In certain circumstances the industrial waste used as cement kiln fuel can give rise to the production of dioxins and furans - two of the most toxic groups of chemicals known (especially when chemicals are incinerated at temperatures which do not ensure complete combustion) possibility of exposure of cement kiln operators to unknown chemical mixtures (i.e. of whose composition they know nothing and in whose handling they are wholly untrained). Alternative Kiln Fuels
A more recent occupational health and safety concern - as well as a high profile environmental issue, is the use of cement kilns for the burning of what would otherwise be industrial waste. Such industrial waste is often referred to as 'alternative fuel', a term, which disguises some of its less palatable aspects. In some circumstances the industrial waste used as cement kiln fuel can give rise to the production of dioxins and furans - two of the most toxic groups of chemicals known. This is especially likely when certain chemicals are incinerated at temperatures which do not ensure complete combustion. In specialist incinerators, there are normally very stringent regulations governing the burning of such chemicals. However, the same chemicals burned in cement kilns may not be subject to such strict controls. In addition, the 'alternative fuel' - better described as unwanted and often highly toxic chemical mixtures - has to be received by the kiln operator and subsequently introduced into the kiln. This gives rise to the obvious possibility of exposure of cement kiln operators to a chemical mixture of whose composition they know nothing and in whose handling they are wholly untrained. Given the high costs of 'normal' fuel and the energy intensive nature of cement kilns, there is an increasing tendency for kiln operators to turn to the 'alternative fuels' as a cheaper option.
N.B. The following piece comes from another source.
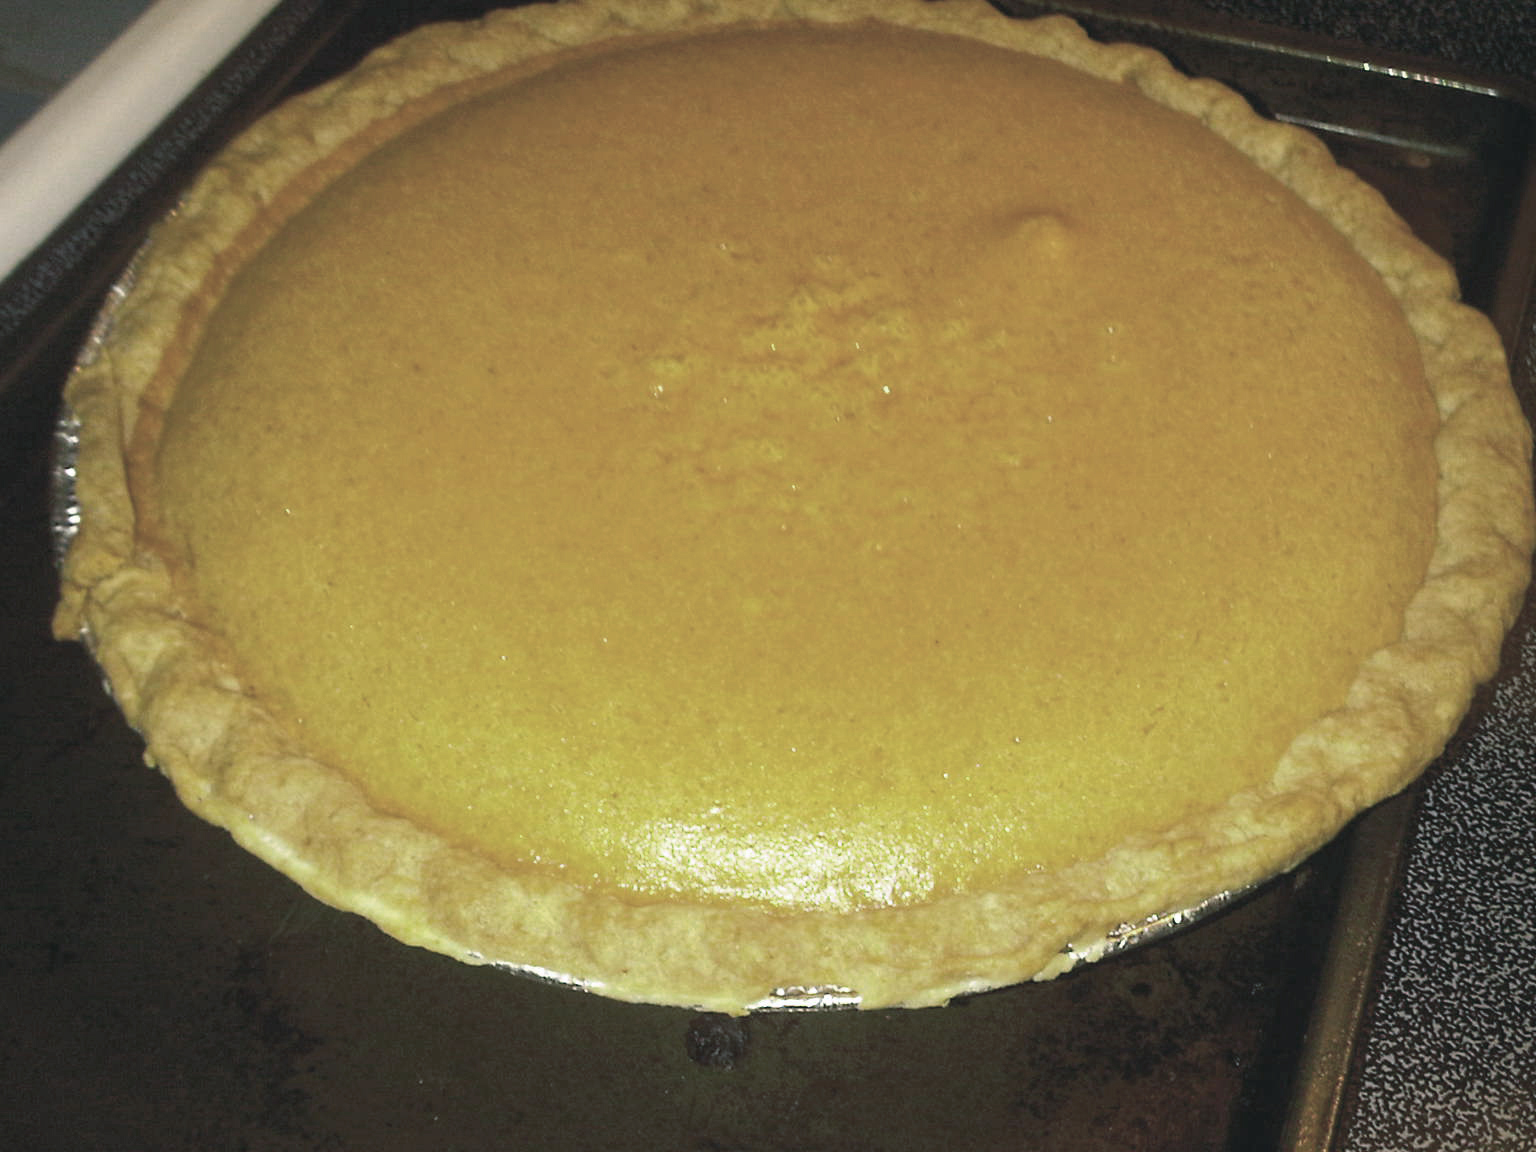 ... Saturdays: It's the Great Pumpkin Cheesecake Pie, Charlie Brown

At the moment the ICEM has a global agreement with only one company in the materials sector; this is Lafarge. This particular global agreement has been signed with Lafarge jointly with the ICEM and the International Federation of Building and Woodworkers (IFBWW). There is clearly scope for more such global agreements and the ICEM would welcome hearing from affiliates about any companies with whom they enjoy decent relations which could be the basis for exploratory discussions about additional global agreements.